Если в городе начинает жить намного больше людей, то, очевидно, в нем начинает появляться и больше трупов. В начале 1840-х годов 23-летний пруссак по имени Фридрих Энгельс отправился в Англию на разведку для своего отца-промышленника; эта миссия стала вдохновением и для классического текста по урбанистической социологии, и для современного социалистического движения. Вот что Энгельс писал о своем лондонском опыте:

С мертвыми обращаются не лучше, чем с живыми. Бедняка закапывают самым небрежным образом, как издохшую скотину. Кладбище Сент-Брайдс, в Лондоне, где хоронят бедняков, представляет собой голое, болотистое место, служащее кладбищем со времен Карла II и усеянное кучами костей. Каждую среду умерших за неделю бедняков бросают в яму 14 футов глубиной, поп торопливо бормочет свои молитвы, яма слегка засыпается землей, чтобы в ближайшую среду ее можно было опять разрыть и бросить туда новых покойников, и так до тех пор, пока яма не наполнится до отказа. Запах гниющих трупов заражает поэтому всю окрестность.

Одно частное кладбище в Ислингтоне умудрилось похоронить 80 000 трупов на площади, предназначавшейся всего для трех тысяч. Один могильщик рассказал лондонской Times, что стоял «по колено в человеческой плоти, прыгая на телах, чтобы как можно лучше утрамбовать их на дне могилы и затем положить сверху свежие трупы».

Диккенс хоронит таинственного юриста, умершего от передозировки опиума вскоре после начала романа «Холодный дом», примерно в такой же ужасной обстановке, вдохновившей один из самых знаменитых и страстных авторских монологов:

…затиснутое в закоулок кладбище, зловонное и отвратительное, источник злокачественных недугов, заражающих тела возлюбленных братьев и сестер наших, еще не преставившихся… на кладбище, которое со всех сторон обступают дома и к железным воротам которого ведет узкий зловонный крытый проход, – на кладбище, где вся скверна жизни делает свое дело, соприкасаясь со смертью, а все яды смерти делают свое дело, соприкасаясь с жизнью, – зарывают на глубине одного-двух футов возлюбленного брата нашего; здесь сеют его в тлении, чтобы он поднялся в тлении – призраком возмездия у одра многих болящих, постыдным свидетельством будущим векам о том времени, когда цивилизация и варварство совместно вели на поводу наш хвастливый остров.
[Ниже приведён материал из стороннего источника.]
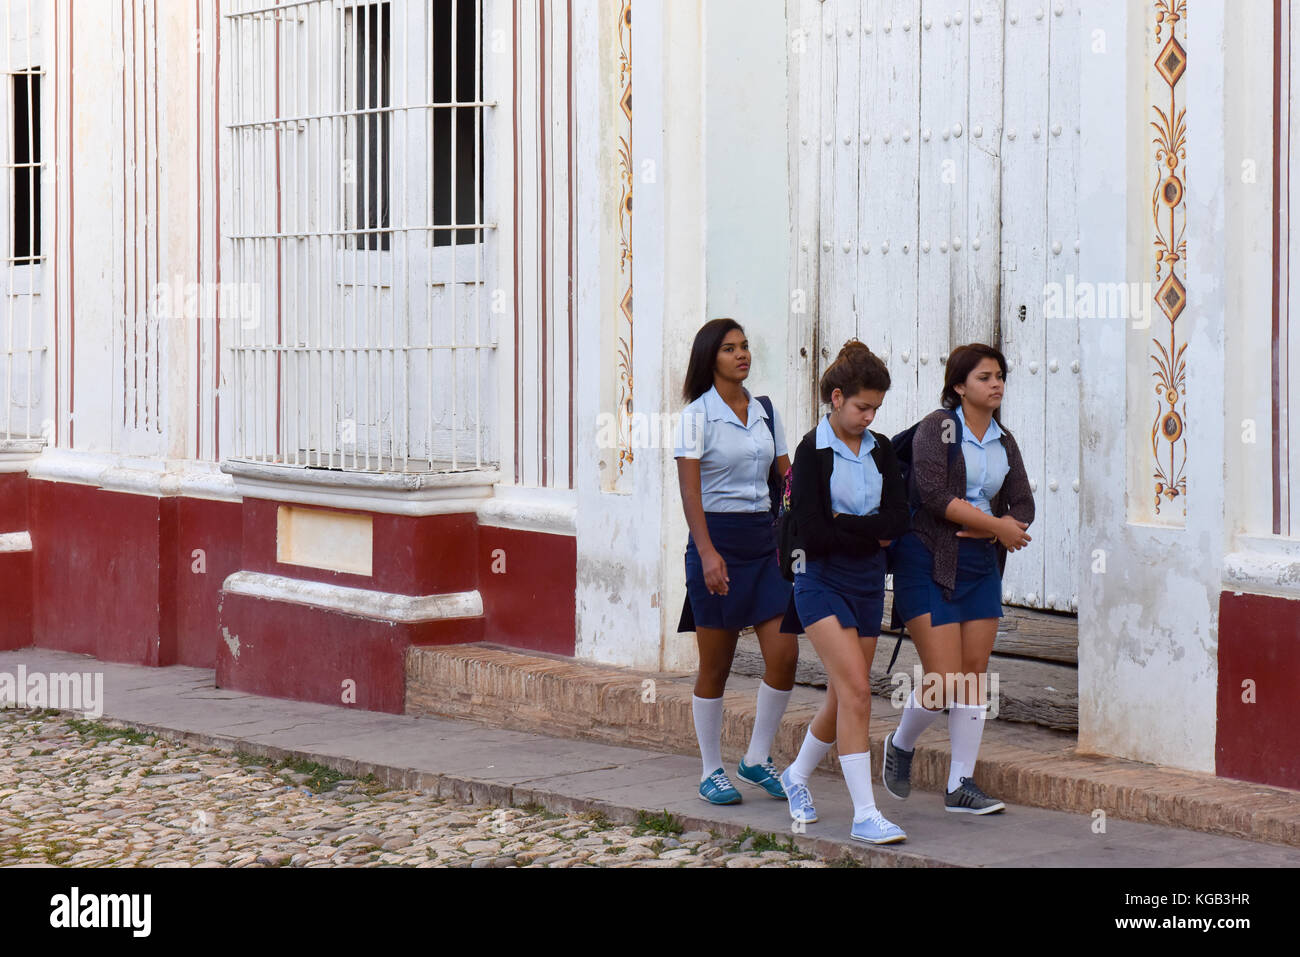 Schoolgirls, Trinidad Cuba Stock Photo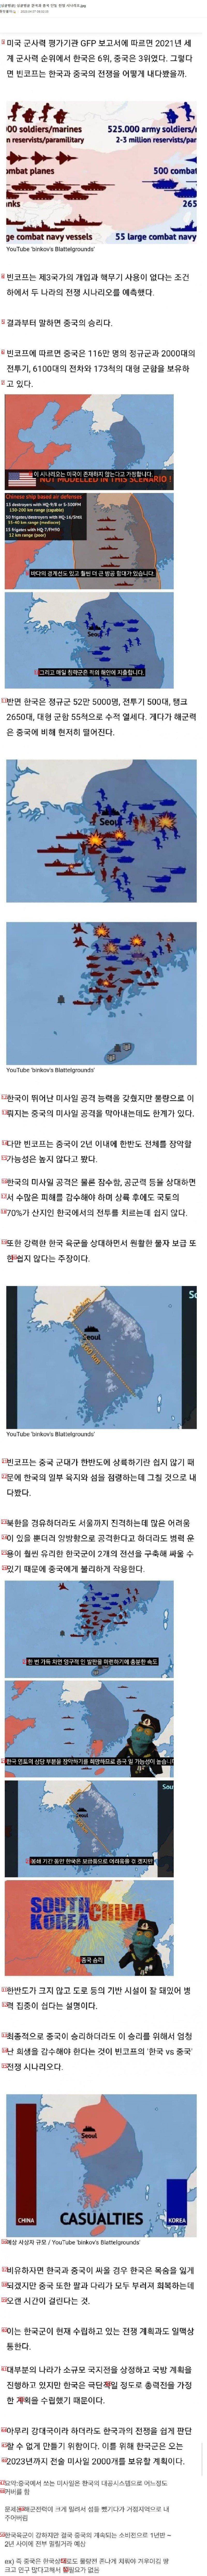 S. Korea and China Single War Scenariojpg

Читая эти строки, вы видите рождение риторического направления, которое стало ведущим в философской мысли XX века; оно искало способ осмыслить высокотехнологичную резню Первой мировой войны и доведенную до предела тейлоровскую эффективность концентрационных лагерей. Социолог-теоретик Вальтер Беньямин переработал оригинальный слоган Диккенса в своем загадочном шедевре «Тезисы о философии истории», написанном, когда Европу поразила чума фашизма: «Нет ни одного документа цивилизации, который не был бы одновременно документом варварства».

Во второй половине XIX века в Англии возник культ траура в среде высшего и среднего класса. Основоположницей «моды на траур» стала сама королева Виктория, которая крайне тяжело перенесла смерть горячо любимого супруга, принца Альберта, скончавшегося в возрасте сорока двух лет, вероятно, от брюшного тифа. Виктория пережила его на сорок лет и до конца дней продолжала скорбеть по мужу.

Противостояние между цивилизацией и варварством началось, едва были построены стены первого в мире укрепленного города. (Как только появились ворота, вместе с ними появились и варвары, готовые в них ворваться.) Но Энгельс и Диккенс дали нам новый взгляд: развитие цивилизации создает варварство как неизбежный продукт жизнедеятельности, столь же необходимый для обмена веществ, как и блестящие шпили и продвинутое мышление воспитанного общества. Варвары не штурмуют ворота: их вскармливают внутри города. Маркс воспользовался этой идеей, завернул ее в диалектику Гегеля и определил тем самым все течение XX века. Но порождена она была непосредственным жизненным опытом – «на земле», как до сих пор любят говорить активисты. Отчасти – видом этих похорон, осквернявших и живых, и мертвых.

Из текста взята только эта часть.